The First Embodiment
[0047] As shown in FIG. 1, a car body (3) has a front bumper (4) and when said car body (3) is coated, the masking member (1) of this embodiment is attached to the air inlet hole (6) of the lower skirt part (5) of said front bumper (4). A plural number of reinforcing frame bars (6A, 6B) are equipped lengthwise and breadthwise, with a pair of support pillars (6C) being equipped on the both sides of said air inlet hole (6). Correspondingly, frame bar grooves (2A, 2B) for inserting said reinforcing frame bars (6A, 6B), are equipped lengthwise and breadthwise in said masking member (1), with a pair of pillar grooves (2C) for inserting said support pillars (6C) being equipped in both sides of said masking member (1). A flange (2D) is formed along the front of said masking member. Said fitting grooves (2A, 2B, 2C) work as ribs to support said masking member (1). At the cross point of the horizontal (longitudinal) fitting groove (2B), and the vertical (short side direction) fitting groove (2A), said horizontal fitting groove (2B) overlaps said vertical fitting groove (2A), for the purpose of improving the horizontal rigidity of said masking member (1), while at the cross point of said vertical fitting groove (2C), and horizontal (short side direction) fitting grove (2B), said vertical fitting groove (2C) overlaps said horizontal fitting groove (2B), to improve the rigidity of said masking member (1) in its vertical direction.

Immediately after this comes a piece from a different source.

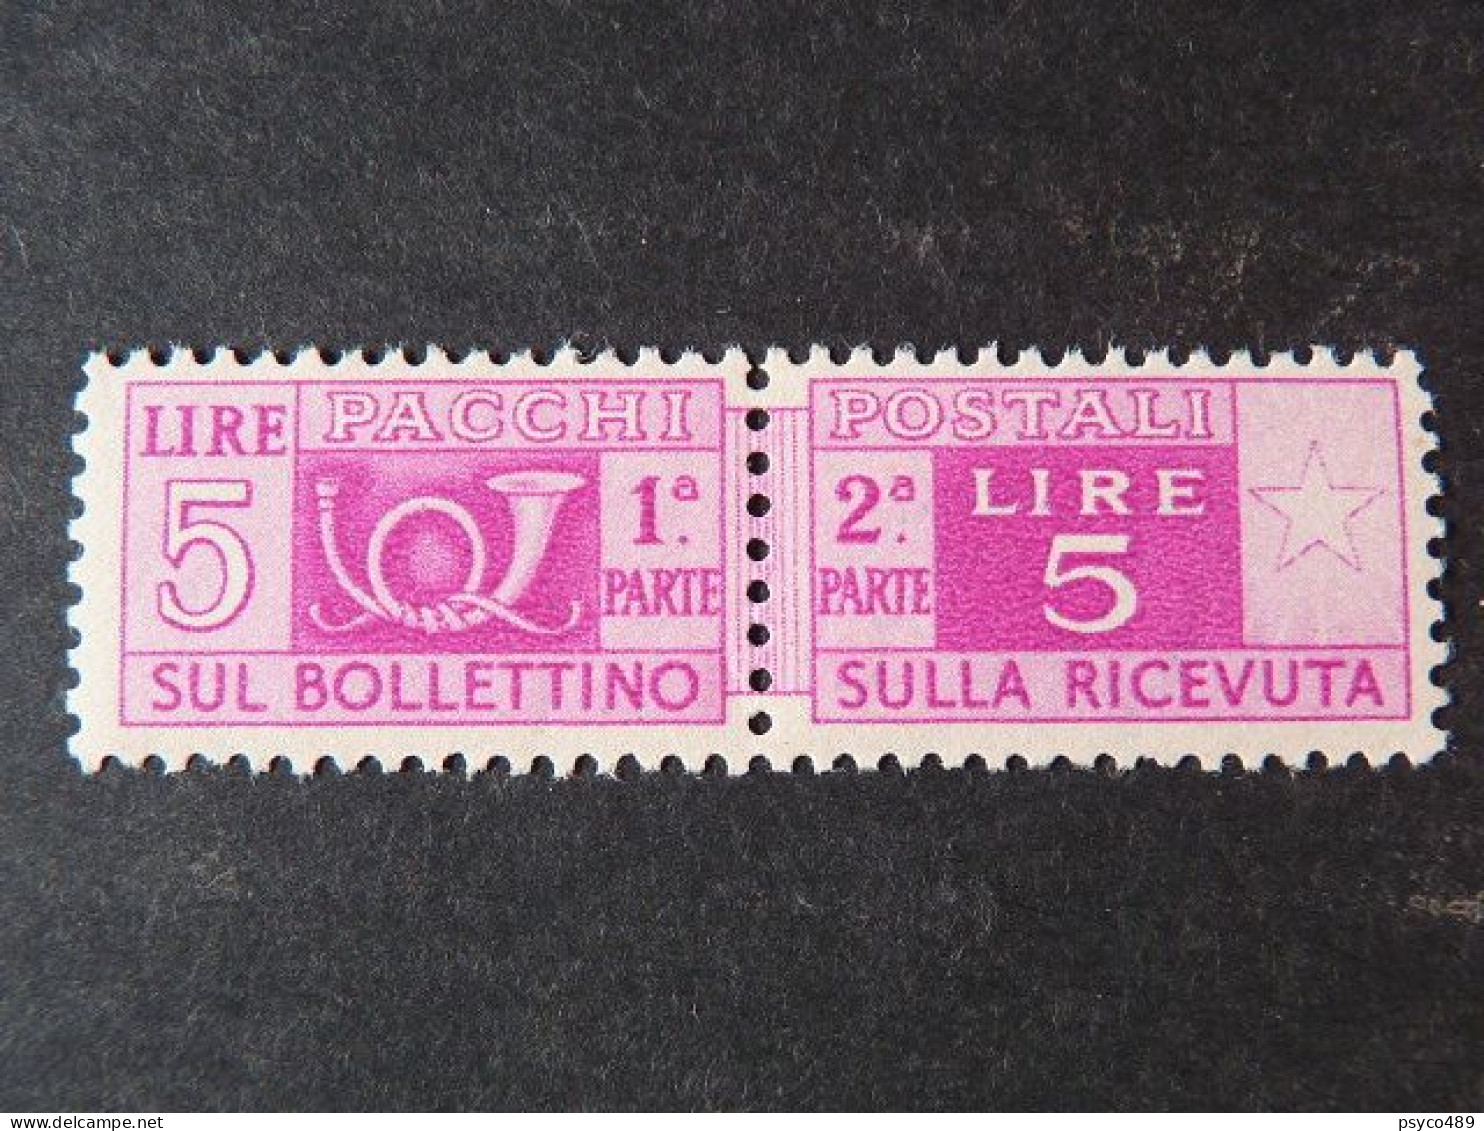 ITALIA Repubblica Pacchi -1946-57- "Corno Cifra" £. 5 Varietà Filigrana MNH** (descrizione) - Pacchi Postali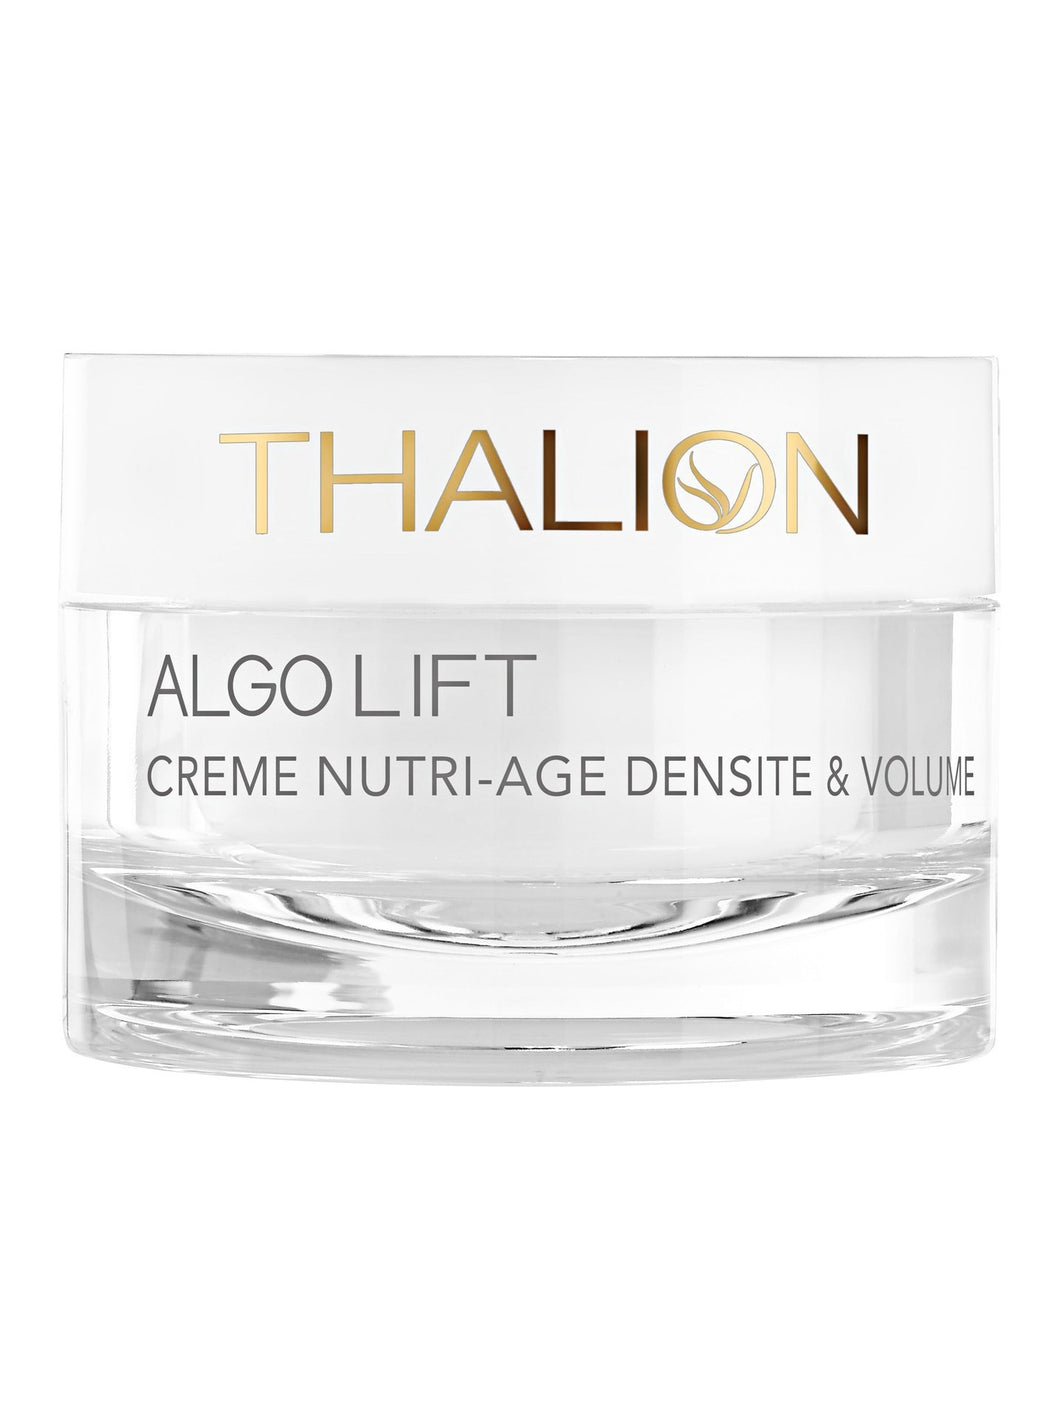 Algolift Crème Nutri-Âge - Densité & Volume - Thalion

[0048] Said masking member (1) was manufactured by preparing a green masking member (1) by vacuum forming a polypropylene sheet (thickness 0.4 mm) containing 30% by weight of calcium carbonate, and heat-treating said green masking member.
[0049] Said masking member (1) is fitted to the inside of said air inlet hole (6), then each reinforcing frame bar (6A, 6B) is inserted into each frame bar groove (2A, 2B), then each support pillar (6C) is inserted into each pillar groove (2C).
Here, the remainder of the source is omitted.